Был назначен день и установлен скромный церемониал вступления в город этого Колумба новейших времен. Началось невиданное переселение людей из одного полушария в другое, и это не столько ради одного получаса, чтобы видеть его или услышать его голос, а лишь затем, чтобы в лицо ему сказать свое громовое земное здравствуй!.. Мы с Куриловым были там и захватили с собой Лизу, чтобы поверила, как прекрасен очищенный от первородной грязи человек.

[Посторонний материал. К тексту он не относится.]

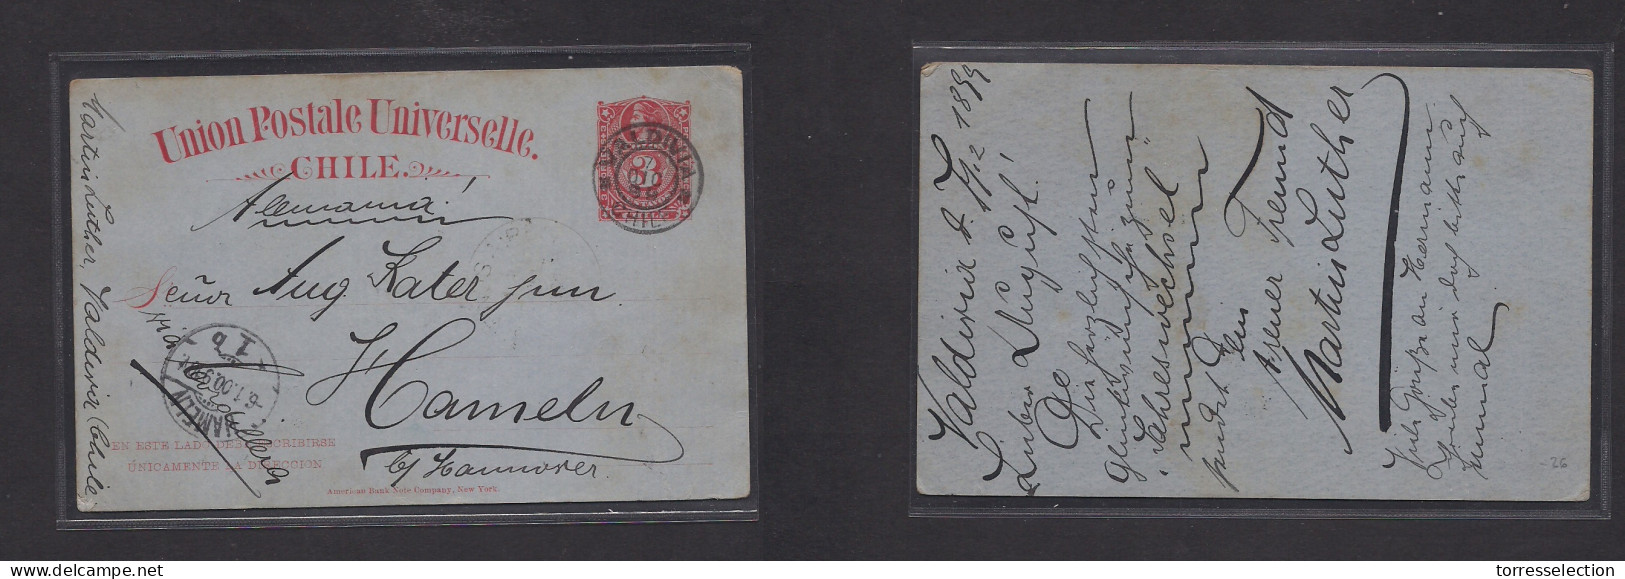 CHILE - Stationery. 1899 (7 Dic) Valdivia - Germany, Hamelin (6 Jan 1900) 3c Red Stat Card. Fine Used. - Chile

Всякий, кто, кроме нас, побывал там, наверно, помнит, что, если пройти от набережной, минуя площадь Академий, и стать лицом на юго-запад, оттуда будет виден двугорбый холм Единства с гигантским фонтаном на его второй вершине, так называемым деревом воды. Конечно, это было самое великолепное место в нашем Океане... В глянцевитых стенах Дворца статистики, покрытых китайской глазурью, отражается арочный мост через канал, и кажется, что его тончайшие, как формула математика, конструкции пронизывают толпу фантастических призраков древности, изображенных на керамических панелях. Задолго до начала торжества мы на эскалаторах поднялись туда, в знакомое кафе. Но столики были убраны, потому что не хватало места для людей. Все было полно, шумело и смеялось. Слет начался с рассвета, и бескрайние поля за Нантао искрились от обилия авиеток. Было жарко; солнечные охладители не справлялись с июньским зноем. Мы выпили пряной, льдистого и крупичатого вкуса воды. Город был виден на громадном радиусе. Как изменился он с тех пор, когда здесь бегали рикши и неуступчивые джентльмены гнездились в фортециях сеттльментов!.. Далеко впереди, за проливом, маячил в зеленой дымке остров, а позади, как исторические письмена на сером выгоревшем холсте, лежали древние кварталы Путунга и героического Чапея. Пока Курилов спорил о чем-то с Лизой (и я тогда еще не угадывал, куда клонится развязка), я просмотрел газету. Только с десятой страницы шла информация и перечислялись второстепенные сенсации дня. На одиннадцатой, под кричащим заголовком, было отведено место для интервью с какой-то некрасивой женщиной, заболевшей сыпным тифом, ее фотографии и рисунка клиники, где она была помещена; я так и не понял, в чем дело. Я прочел также стихи расхожего поэта, в звонких образах восхвалявшего прогулку пешком. Это был лирический трактат о пользе ходьбы, о том, как благотворно работает сердце и сокращаются мышцы и как играли солнечные зайчики на тропинке, по которой он ступал... Внезапно послышался отдаленный грохот оркестров. Я выронил газету.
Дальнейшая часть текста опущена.